On a hot May morning I walked to the little square in front of the church at Fromista. A tired hiker was sitting on the edge of the fountain soothing his feet in the water, while another barefoot pilgrim hobbled painfully with a bandage on one foot. "An infection," he said with a shrug. The brightly clad cyclists nearby were having an easier time of it, relaxing on a shady patio with cold beers: I couldn’t help feeling that the real pilgrims are the ones with the sore feet. As for the man I saw in a wheelchair — a distinctive new breed of pilgrim — grinding up a hill a long way from Compostela I am still speechless.

Incense and inspiration

I awoke on the last morning of my journey to a heavy mist. But now the pilgrims knew the end of their journey was in sight and seemed to have renewed energy as they tackled the last dozen or so kilometres of the Camino.

When I finally reached Compostela, the great plaza in front of the cathedral was alive with people, the pilgrims among them exhausted but triumphant. One group lay on the cobbles, heads on backpacks, gazing up at the cathedral façade.

As I entered the cathedral the celebration of a special mass was just ending.
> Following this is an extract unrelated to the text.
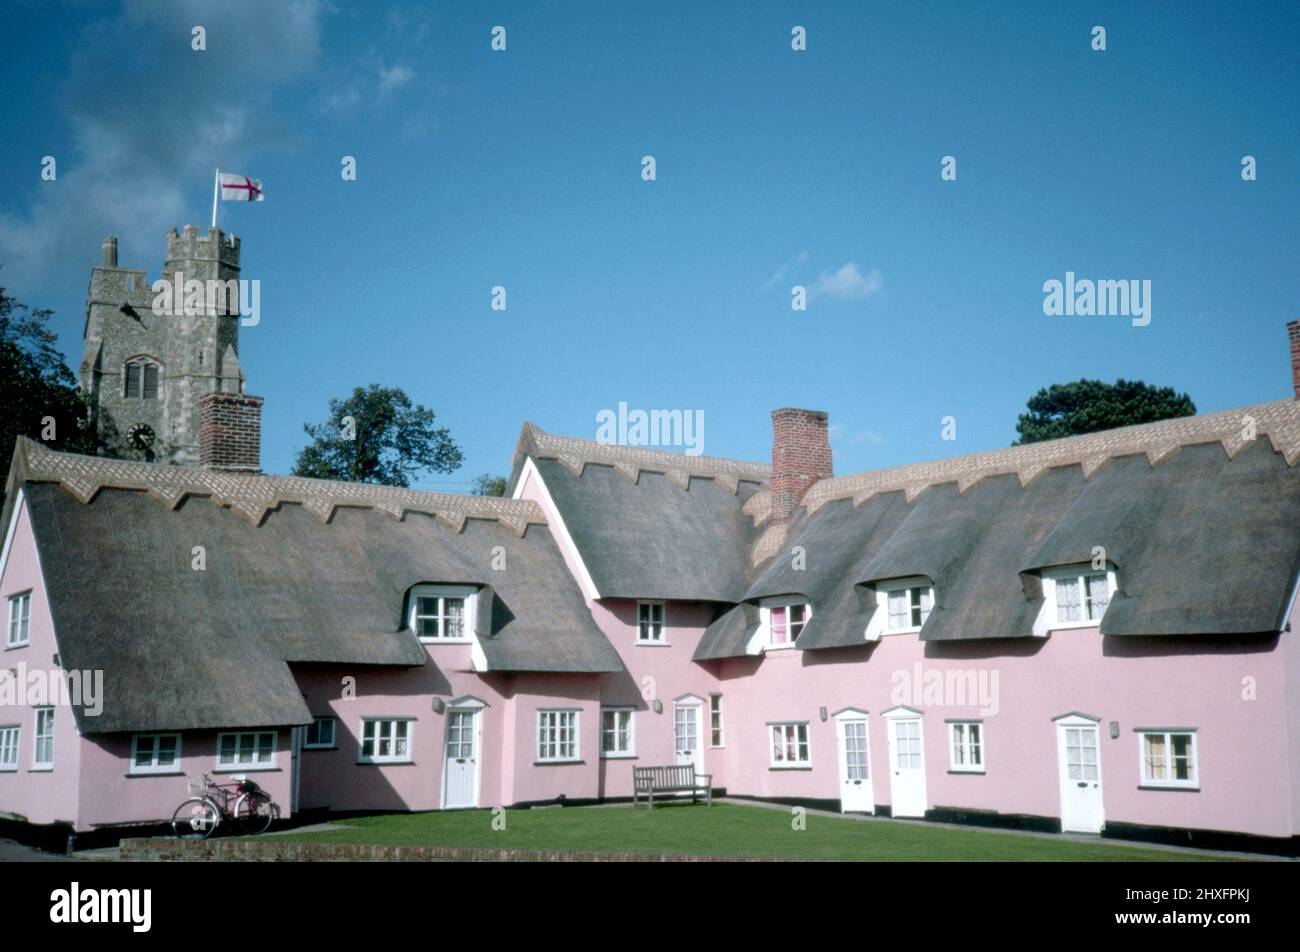 Picturesque view of pink thatched cottages and church village of Cavendish, Suffolk, England, UK with bright blue sky and copy space. Stock Photo

Hundreds of people stood packed to the doors while pilgrims with backpacks sat on the floor and others jostled to get a better view of the spectacular event which since 1604 has closed special celebrations of mass in the cathedral: the swinging of the huge incense burner called the botafumeiro.

The massive censer, weighing over 50 kilograms, is carried to the crossing of the cathedral where two thick ropes hang down from pulleys set high above the nave. The censer is tied to one of the ropes as incense begins to drift back over the altar. Then eight red-coated church attendants start to pull and the burner begins to swing in a gentle arc. Each pull swings it higher and higher.
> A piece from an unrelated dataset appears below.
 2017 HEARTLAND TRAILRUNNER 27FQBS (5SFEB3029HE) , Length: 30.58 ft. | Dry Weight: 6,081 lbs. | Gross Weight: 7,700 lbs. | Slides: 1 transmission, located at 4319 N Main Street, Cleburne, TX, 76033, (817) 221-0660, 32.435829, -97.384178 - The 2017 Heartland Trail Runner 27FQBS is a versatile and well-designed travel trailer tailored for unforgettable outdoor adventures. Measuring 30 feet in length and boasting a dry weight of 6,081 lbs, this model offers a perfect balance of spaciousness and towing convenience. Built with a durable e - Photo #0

Sparks fly from the glowing charcoal as the censer hurtles over the heads of the congregation and soars to the very top of the transept. Pausing for an instant, it plunges downwards in a cloud of incense. Again and again the botafumeiro repeats its huge arc until the burner slows to a stop and the astonishing ceremony is over.

As the church emptied, I saw again the range of people, old and young, who take on the daunting challenge of the Camino. One of them was Luigi Cianti from Rome. His companion, Maria, explained that Luigi had been a successful businessman who some years ago had given his wealth to the poor. He had apparently walked the Camino more than 30 times — and pulled up his pants to show the muscles in his legs.

Luigi proudly showed off the press clippings, sealed in plastic, describing his achievements, but I didn’t feel the spirit of the Camino as much as when I encountered another man pausing before entering the cathedral.

I felt guilty disturbing the private reverie of Mario Coste, but he smiled kindly in response to my questions. Mario had walked over 800 kilometres from France, covering 30 kilometres a day. I asked what it felt like to finally be in Santiago. "I simply feel like crying," he said. For Mario the Camino was very much a spiritual experience. "I am doing it to honour my father," he said softly. "And I’m going on to Portugal to the village where I was born."

As I wished Mario "Buen camino," the traditional greeting of those who meet on the Way, I felt perhaps I understood just a little of what this special journey means to some people. But then, flashing through my mind, came the image of that man in the wheel chair toiling up a hill far from Santiago. Perhaps I didn’t really understand at all.